3.6. SDHA and LPPPRC Transcript Levels Progressively Increase from Precancerous Lesions to Invasive HGSOC, and Exhibit Concomitant Gene and Protein Expression Patterns, Particularly in Advanced Invasive Tumors

We analyzed GeoMx spatial transcriptomics data (available via cBioPortal) of human tissues collected at different stages of HGSOC development including normal fallopian tube (FT), precursor lesions such as p53 signature and serous tubal intraepithelial carcinomas (STIC), and invasive ovarian carcinoma. We aimed to determine changes in SDHA and LRPPRC gene expression from precursor lesions to advanced HGSOC to provide insight into the potential role of those molecules in development and progression of ovarian cancer disease. Our findings revealed a shift towards significantly higher gene expression of both SDHA and LRPPRC when precursor lesions advanced ovarian cancer. Specifically, the SDHA and LRPPRC expression was significantly lower in normal FT when compared with ovarian cancer (Supplementary Figure S8A). Furthermore, while there was no correlation between SDHA and LRPPRC expression in early precursor lesions (FT and p53 signature), in STIC lesions and invasive cancer, however, we observed increasing positive correlation between expression of those genes, which was particularly strong in invasive cancer (STIC, r = 0.2675, P = 0.0064; invasive cancer, r = 0.5671, P < 0.0001, Supplementary Figure S8B).

Next, we measured the SDHA and LRPPRC protein expression in mouse and human ovarian cancer cell lines, HGSOC PDXs and normal hFTs using WES(ProteinSimple) and observed a concomitant SDHA and LRPPRC protein expression in all examined tissues. The expression of both LRPPRC and SDHA was very low in normal fallopian tubes when compared with cancer samples (Figure 4C–E). Next, to determine the statistical significance of a correlation between SDHA and LRPPRC protein expression in HGSOC PDXs and hFTs, we calculated Pearson correlation coefficient (r) values. The results showed a strong positive correlation (r = 0.7654, P < 0.001) between SDHA and LRPPRC protein expression (Figure 4F). Next, to determine if SDHA or LRPPRC depletion affects each other’s protein expression, we knocked down (KD) either SDHA or LRPPRC in several mouse and human ovarian cancer cell lines. The results showed that the SDHA-KD is associated with loss of protein expression of both SDHA and LRPPRC (Figure 4G,H), while LRPPRC-KD leads to loss of LRPPRC expression (as expected) but has no effect on SDHA protein expression (Figure 4H). We also analyzed changes in the expression of COX1 (a subunit of Complex 4 of ETC) following SDHA-KD and LRPPRC-KD as a control, since COX1 expression is positively regulated by LRPPRC [21,44]. As expected, COX1 expression was suppressed in LRPPRC-KD cell lines or those with naturally low LRPPRC levels (Figure 4G,H).

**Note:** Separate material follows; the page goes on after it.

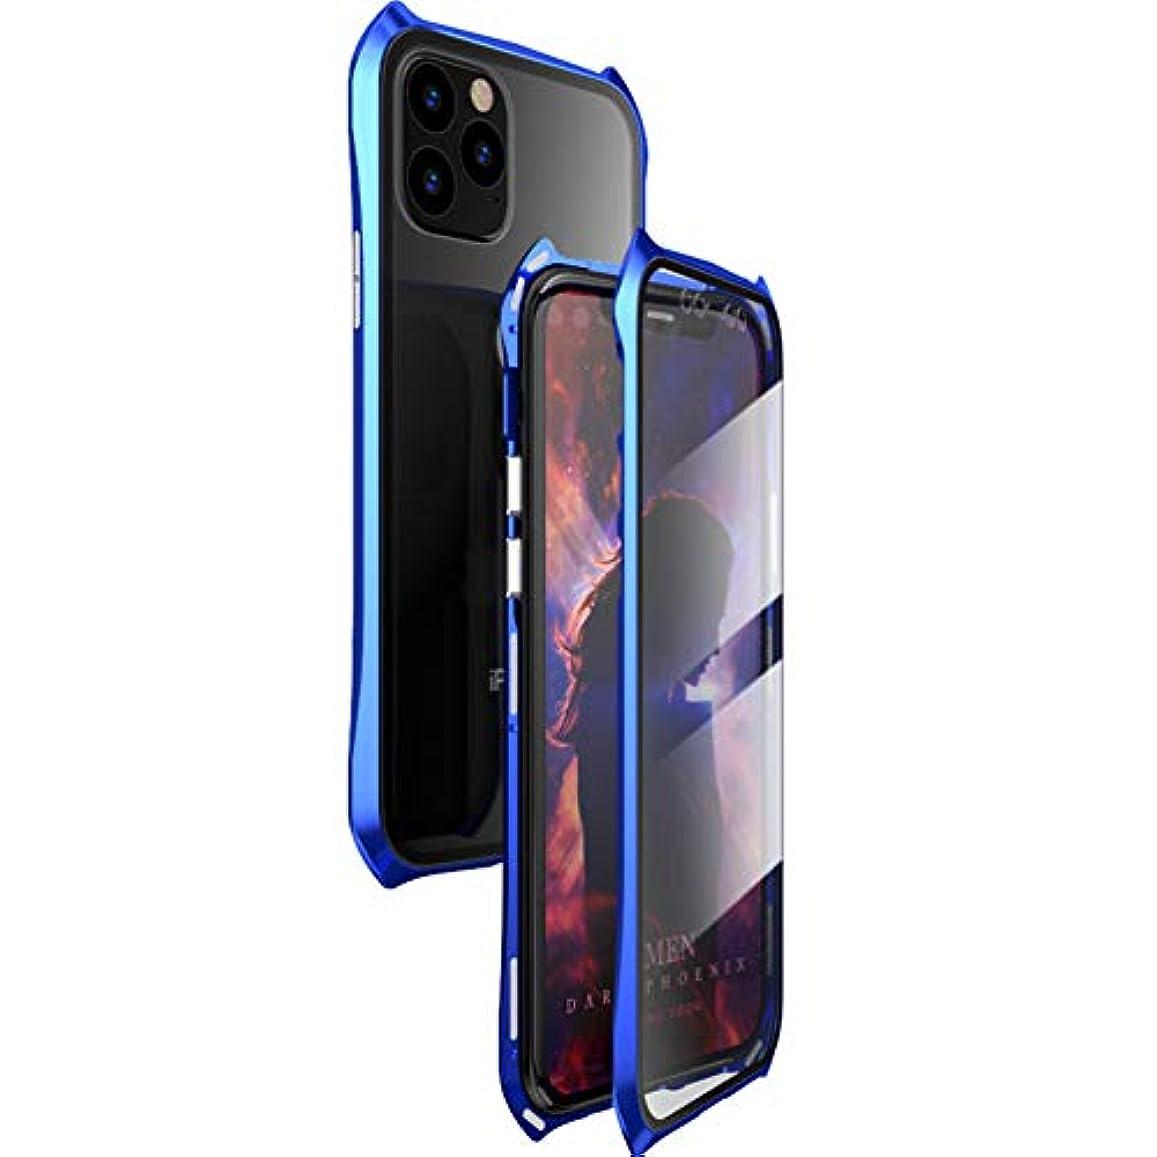 家事リラックスしたトレースIphone 保護カバー - 携帯電話シェル両面ガラス磁気キングアップル11保護カバーオールインクルーシブアンチフォール男性と女性の

Collectively, these findings showed progressively increasing expression of key mitochondrial metabolism regulators SDHA and LPRPRC from precancerous lesions to invasive cancer, which could serve as biomarkers and therapeutic targets for advanced HGSOC disease.

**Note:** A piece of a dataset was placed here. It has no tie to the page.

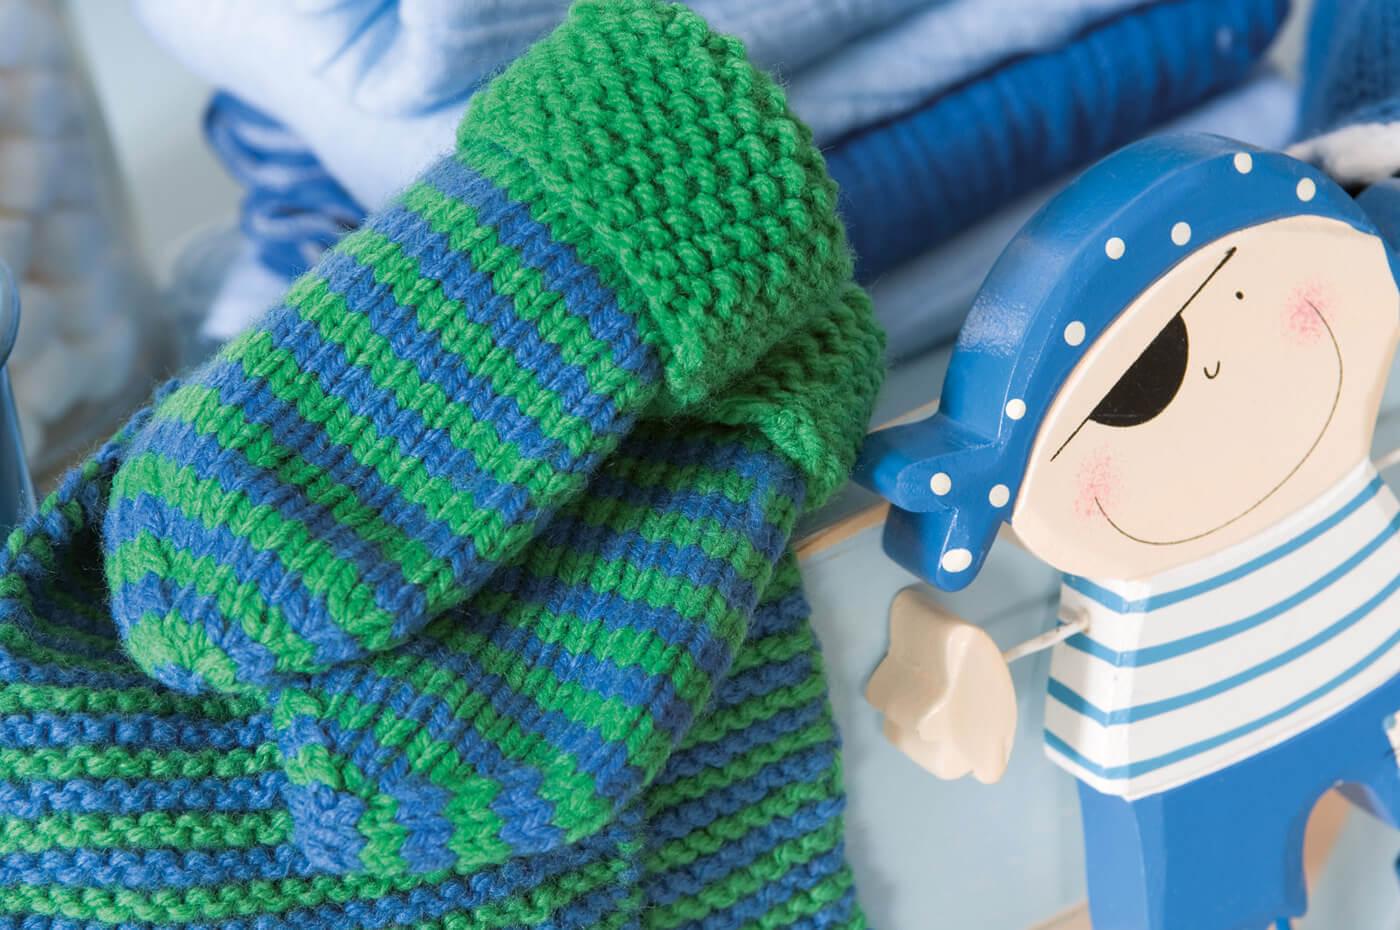 Kinder-Set mit Steckschal, Fäustlingen und Socken

3.7. Shikonin Inhibits LRPPRC Suppressing Mitochondrial Respiration, Which Leads to Bioenergetic Disfunction and Death of Cancer Cells Overexpressing of SDHA and LRPPRC

We investigated the effect of shikonin treatment in vitro on cellular metabolism and survival of SDHA overexpressing tumors in the presence and absence of LRPPRC expression (genetic knockdown). Our data revealed that the inhibition of LRPPRC either by shikonin or by genetic knockdown resulted in a loss of LRPPRC expression as expected (Figure 4I,J). Our data also showed that 5 μM dose of shikonin triggered apoptosis (high expression of cleaved PARP, Figure 4I,J) only in SDHA and LRPPRC overexpressing cell lines, but not those with SDHA-KD or LRPPRC-KD. This suggests that SDHA overexpressing cancer cells are particularly vulnerable to the LRPPRC inhibition, which leads to tumor cell death. Next, we examined the effect of shikonin on OXPHOS by measuring basal and maximal mitochondrial respiration (reflected as oxygen consumption rate, OCR) in isogenic and non-related cell lines with and without LRPPRC-KD. We observed that in SDHA and LRPPRC overexpressing cell line (BPPNM), both 1μM and 5μM shikonin’s concentrations most potently reduced basal and maximal mitochondrial respiration when compared to isogenic LRPPRC-KD cell line or non-related SPCA cells (Supplementary Figure S9H,I). Interestingly, in BPPNM-LRPPRC-KD or SPCA cells, the shikonin actually increased basal OCR at certain doses (Supplementary Figure S9I), which is likely due to mitochondrial hyperfusion, a compensatory mechanism maintaining mitochondrial respiration and energy production during cellular stress [44].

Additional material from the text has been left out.